Tool for finding duplicate files and folders, even inside archives, listing results in different ways or to deduplicate.
Implemented:
- Find/Scan for duplicate files and folders
- Search in archives (libarchive)
- HDD optimized sequential read/scan/dedup
- btrfs/ioctl_file_dedupe_range deduplication mode
TODO:
- Nested archive search
- Improved cache (e.g. DB-based)
- More deduplication features
stable branch
cargo install --git https://github.com/qwertz19281/dupion --branch stable
master branch
cargo install --git https://github.com/qwertz19281/dupion
Find duplicates in current dir and print dup groups, also show more shadowed dups
dupion -s 1
Find duplicates dir_a and dir_b, also search in archives
dupion -a dir_a dir_b >found_dups
Deduplicate, no dups listing, don't use cache file
dupion --dedup btrfs --no-cache -o - /home/user
Usage: dupion [OPTIONS] [DIRS]...
Arguments:
[DIRS]...
Directories to scan. cwd if none defined
Options:
-o, --output <OUTPUT>
Results output mode (g/t/d/-), what type of result should be printed
groups: duplicate entries in sorted size groups
tree: json as tree
diff: like tree, but exact dir comparision, reveals diffs and supersets
-: disabled
[default: g]
[possible values: groups, tree, diff, disabled]
-s, --shadow-rule <SHADOW_RULE>
Set how files/directory should be hidden/omitted (shadowed are e.g. childs of duplicate dirs) (0-3)
0: show ALL, including pure shadowed groups
1: show all except pure shadowed groups
2: show shadowed only if there is also one non-shadowed in the group
3: never show shadowed
[default: 2]
-a, --read-archives
Also search inside archives. requires to scan and hash every archive
--dedup <DEDUP>
Deduplication mode (-/btrfs). Disabled by default
btrfs: Use ioctl_file_dedupe_range on supported filesystems
[possible values: btrfs]
--no-cache
Don't read or write cache file
- In first pass files are recursively discovered and metadata (size, mtime, ...) are queried.
- In second pass it will hash all files with non-unique size.
- Duplicates are matched per HashMap-based Size/Hash groups.

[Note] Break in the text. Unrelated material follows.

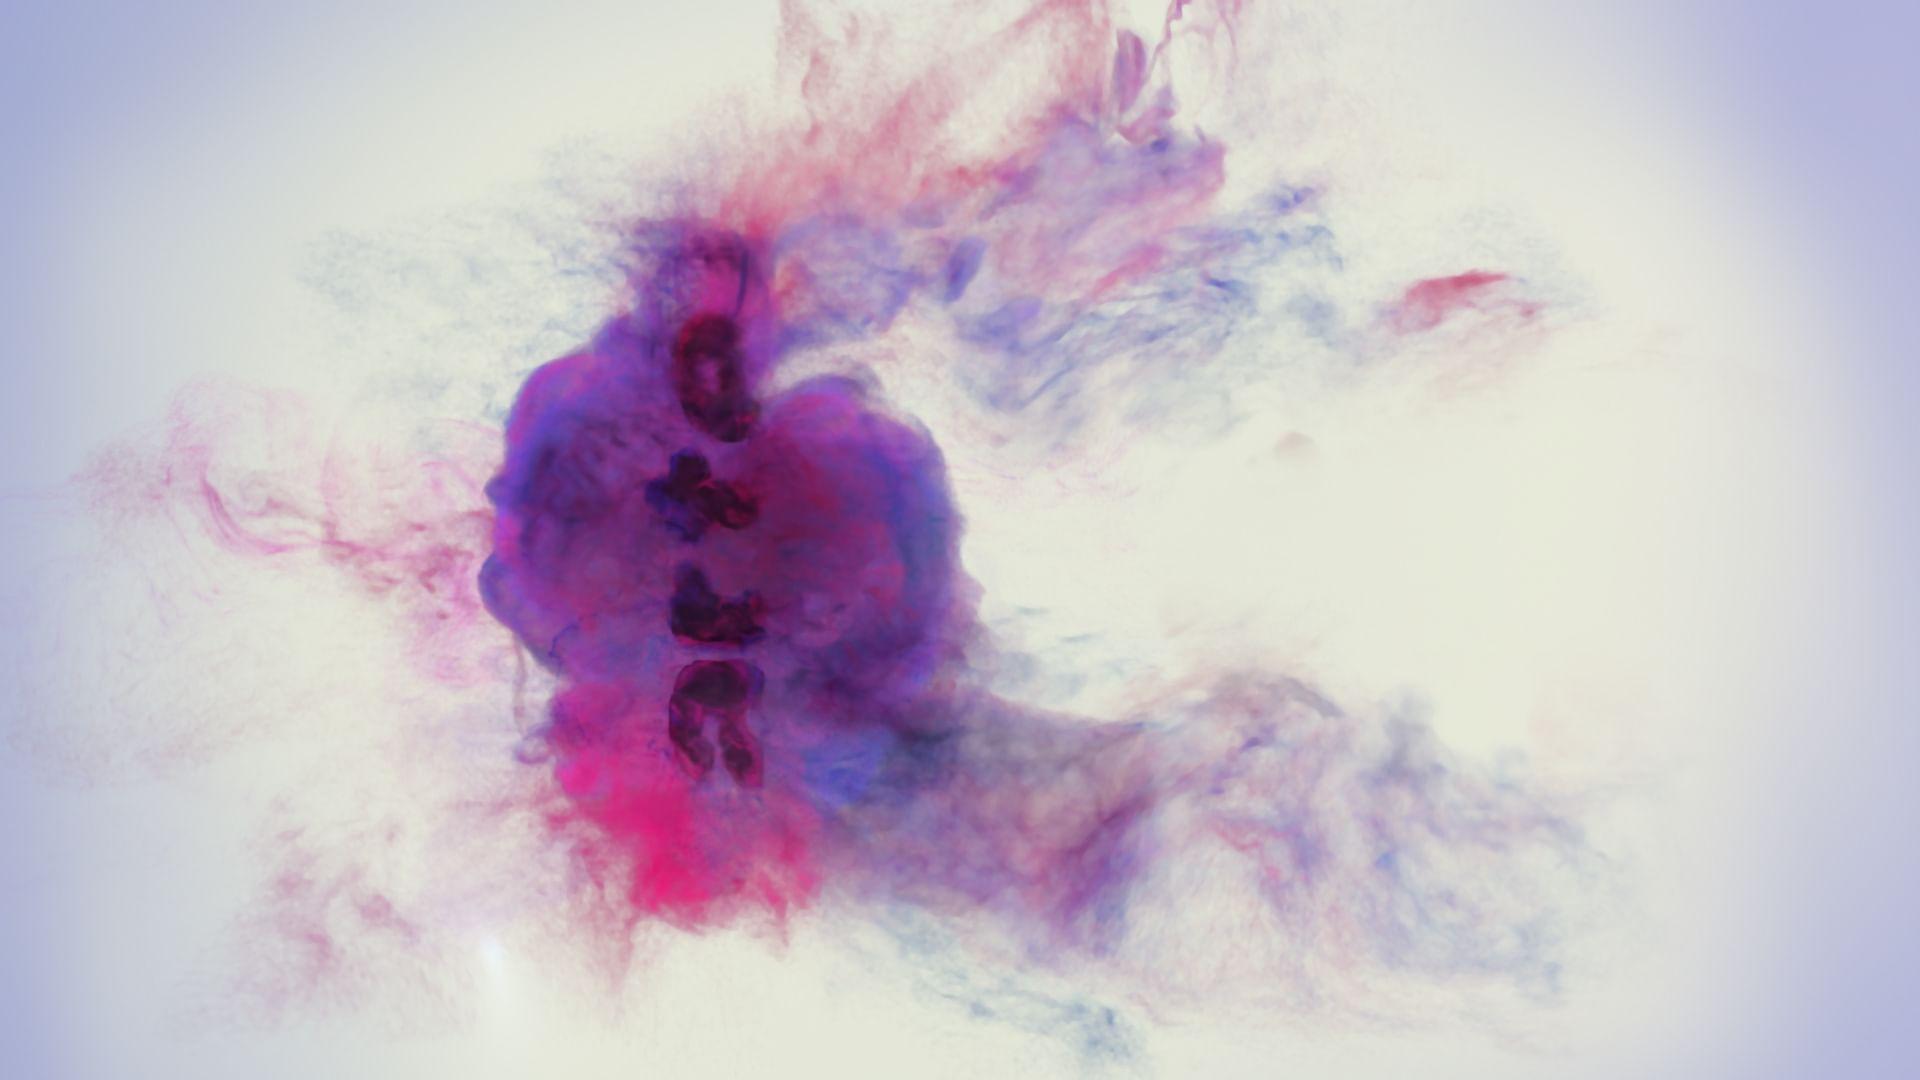 Kenia: Grundeinkommen, bedingungslos | ARTE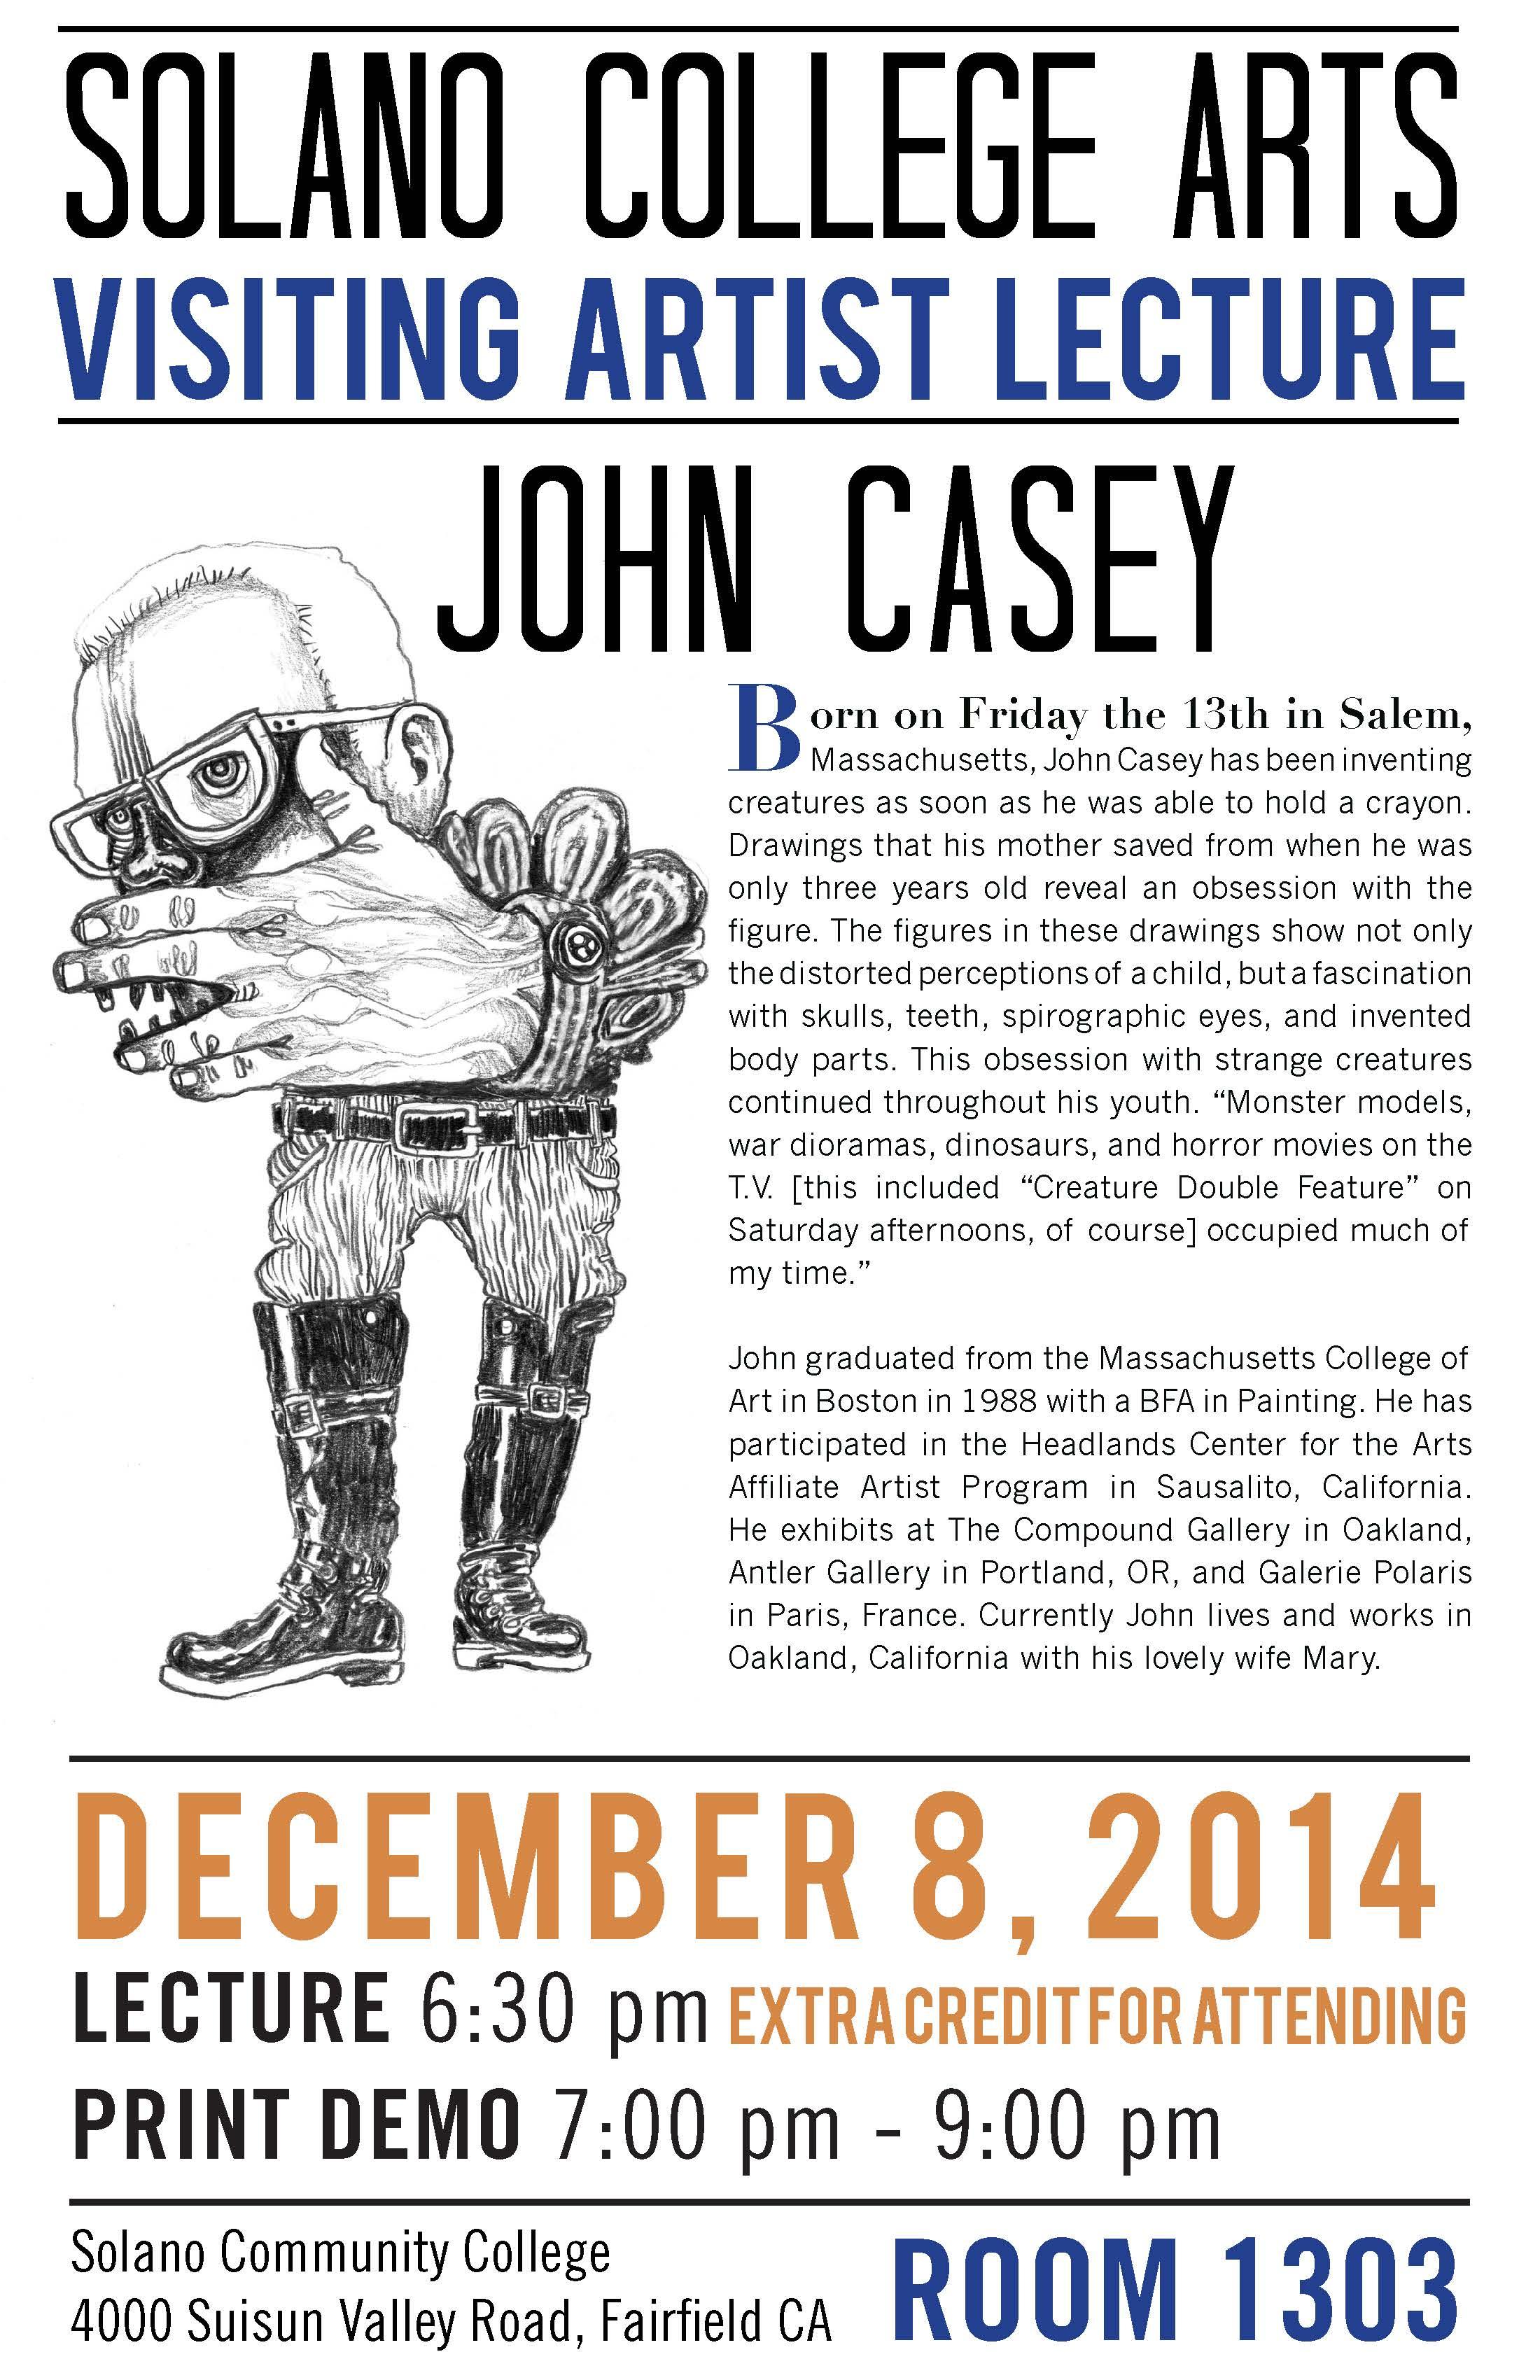 JohnCasey

- Directory hash is calculated by filename and hash of the child entries
- If deduplicating, the files will be grouped and batch optimized to the available RAM/cache, and then prefetched before issuing deduplication.
dupion (dupion
and root files) is dual-licensed under either:
- Apache License, Version 2.0 (LICENSE-APACHE or http://www.apache.org/licenses/LICENSE-2.0)
- MIT License (LICENSE-MIT or http://opensource.org/licenses/MIT)
The third-party crates included in this repository (libarchive-rust
, platter-walk
, reapfrog
, rust-btrfs
) are used and available under their respective licenses.
Crate | License |
---|---|
dupion | MIT OR Apache-2.0 |
libarchive-rust | Apache-2.0 |
platter-walk | MPL-2.0 |
reapfrog | MPL-2.0 |
rust-btrfs | MIT |
Unless you explicitly state otherwise, any contribution intentionally submitted for inclusion in the work by you, as defined in the Apache-2.0 license, shall be licensed as above, without any additional terms or conditions.